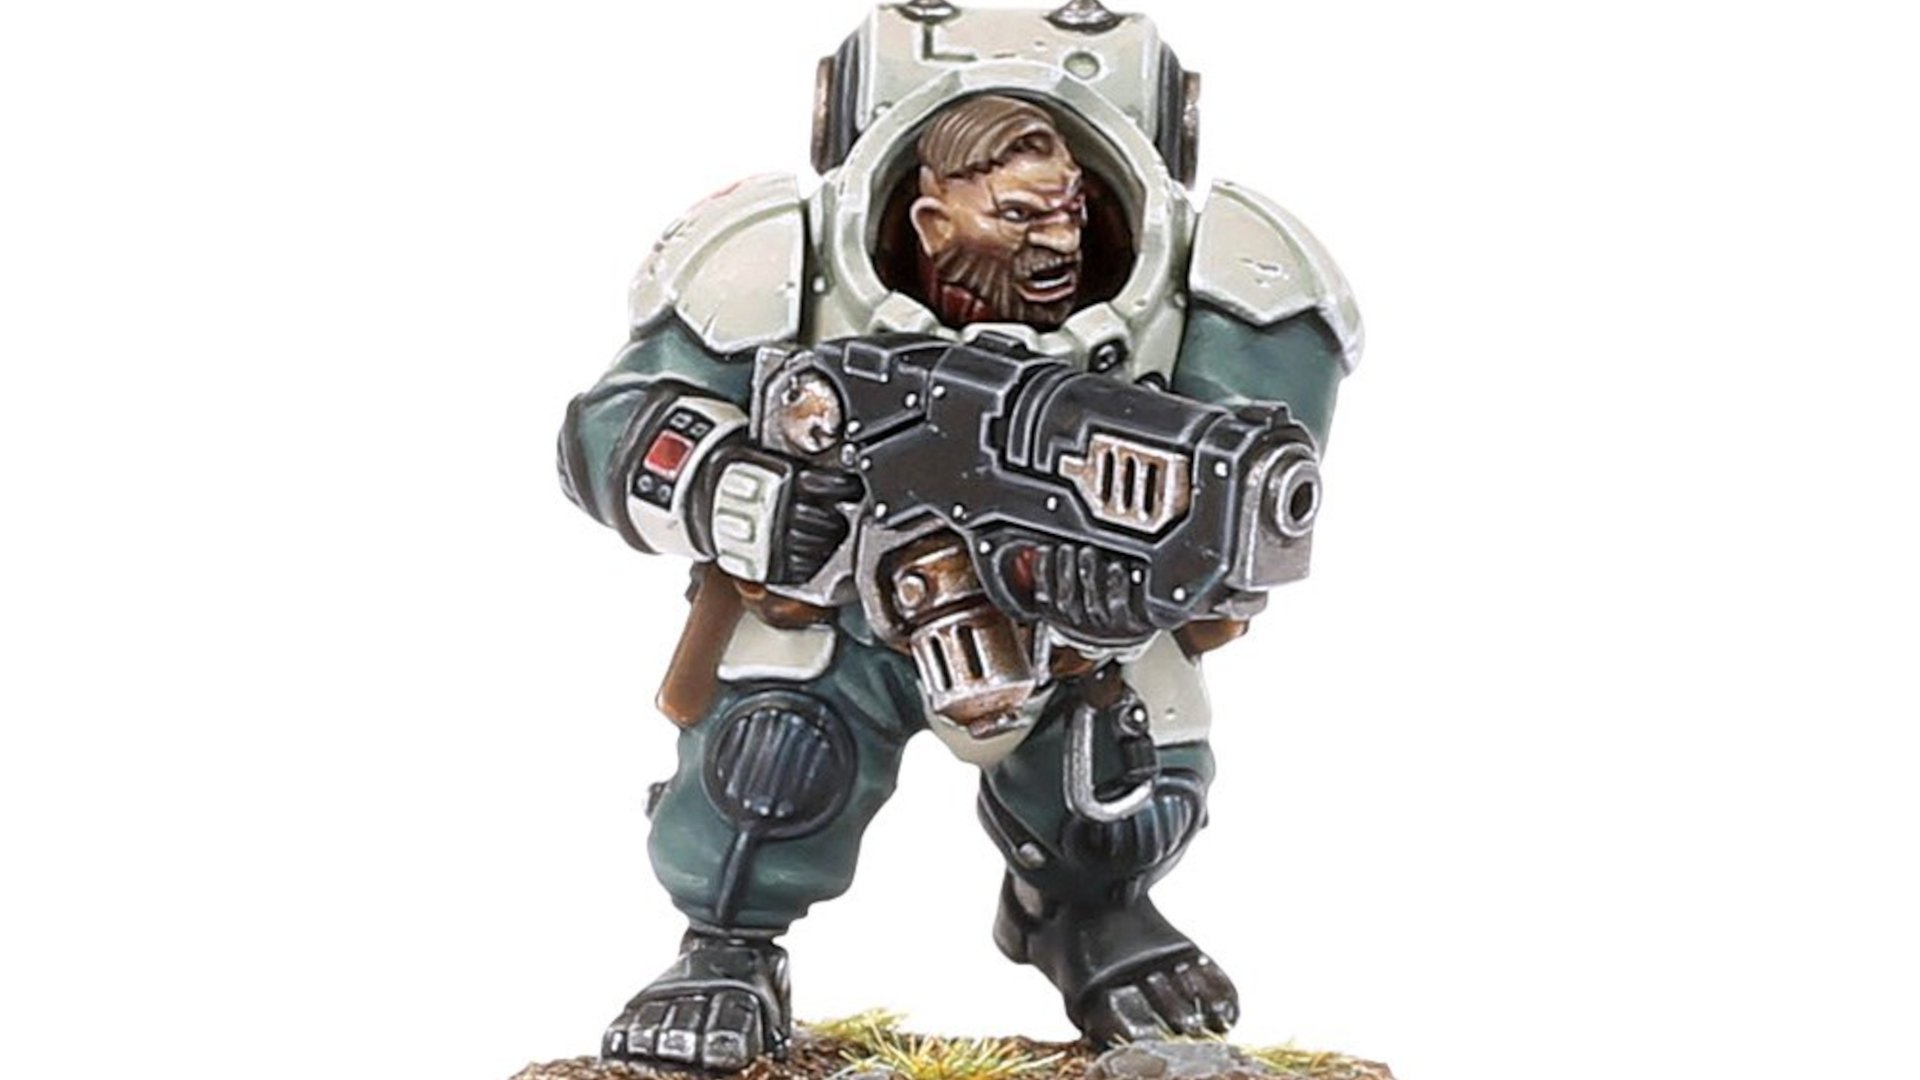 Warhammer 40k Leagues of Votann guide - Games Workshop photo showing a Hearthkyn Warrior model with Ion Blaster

※ ※ ※

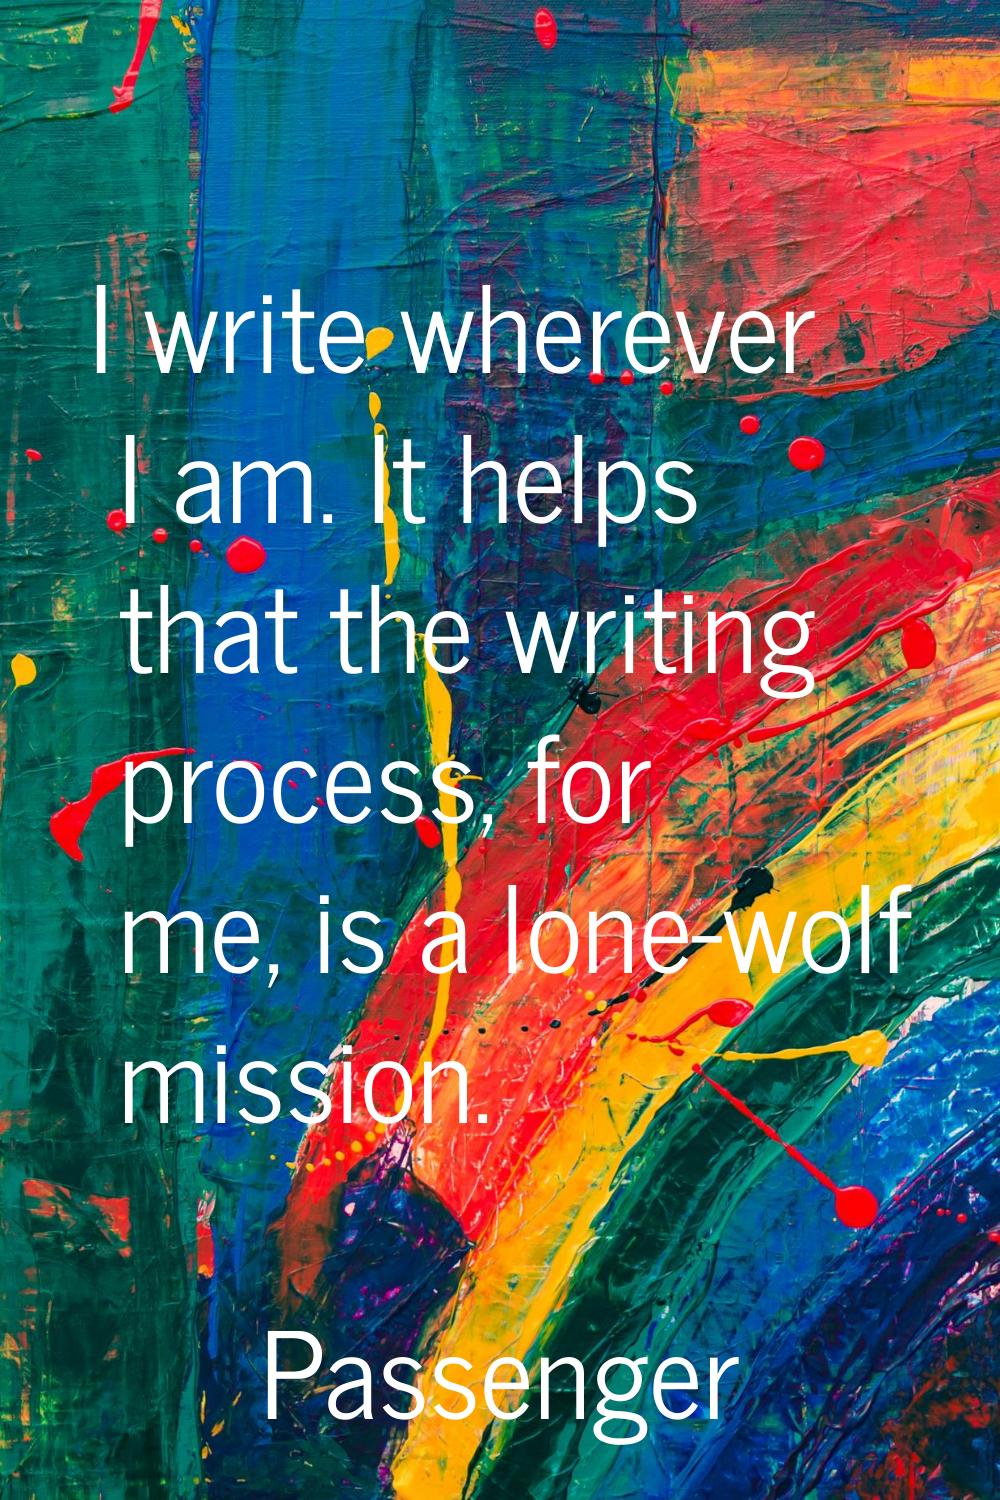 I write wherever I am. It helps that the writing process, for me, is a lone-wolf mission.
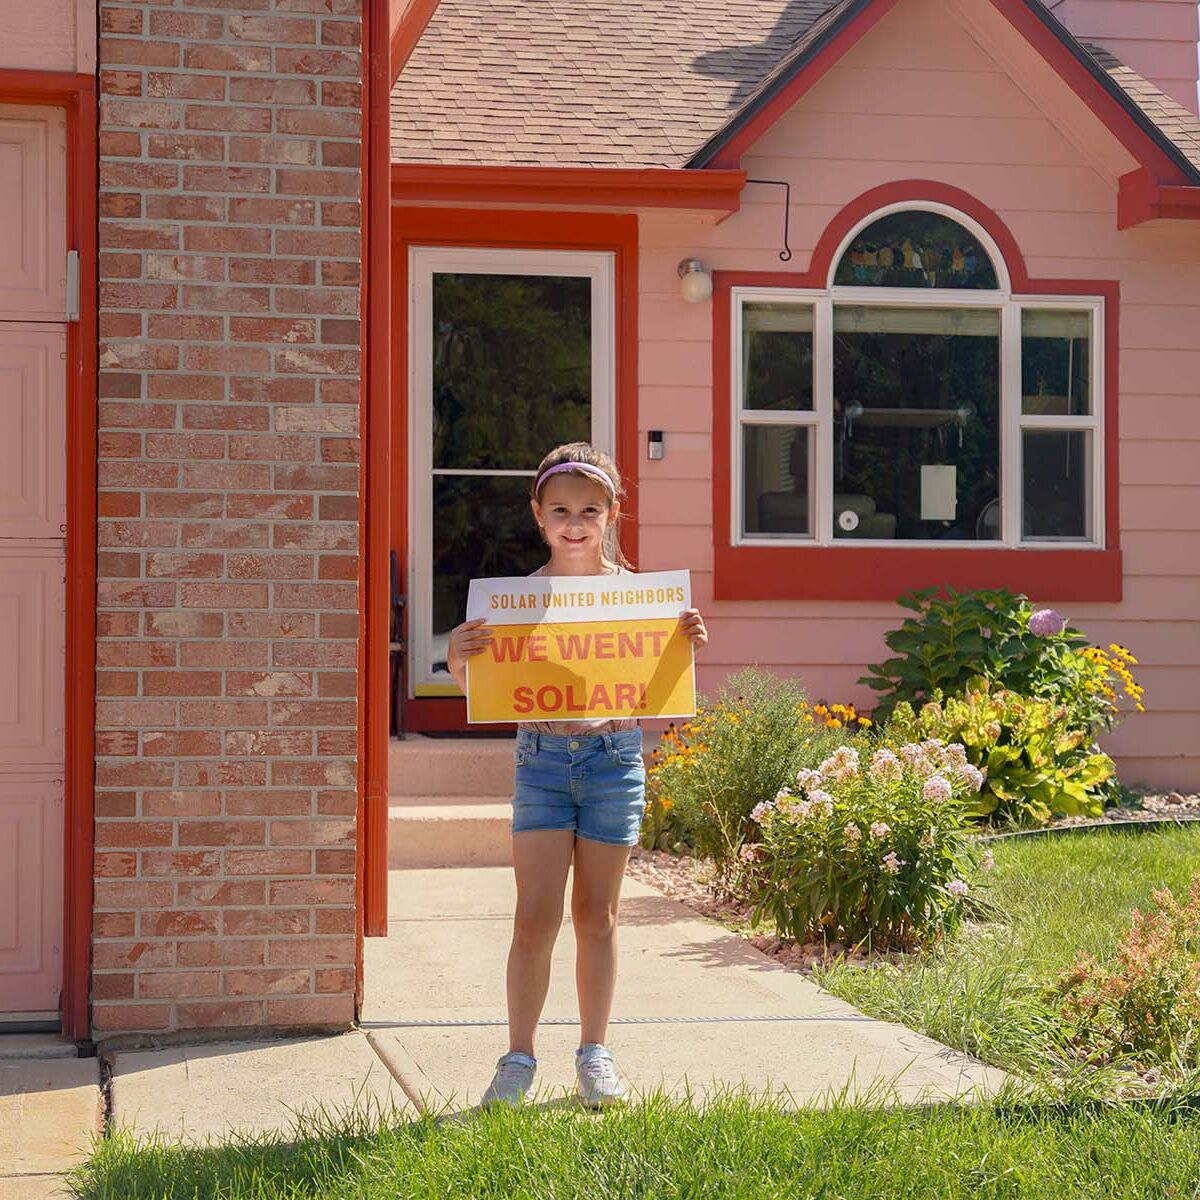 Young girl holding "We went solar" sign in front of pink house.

※ ※ ※

Copy exactly the lines of the listing above between the one holding "I write wherever" and the one holding "Young girl holding", inclusive; omit all pictures.

#### Response to the task
 I write wherever I am. It helps that the writing process, for me, is a lone-wolf mission.
 Young girl holding "We went solar" sign in front of pink house.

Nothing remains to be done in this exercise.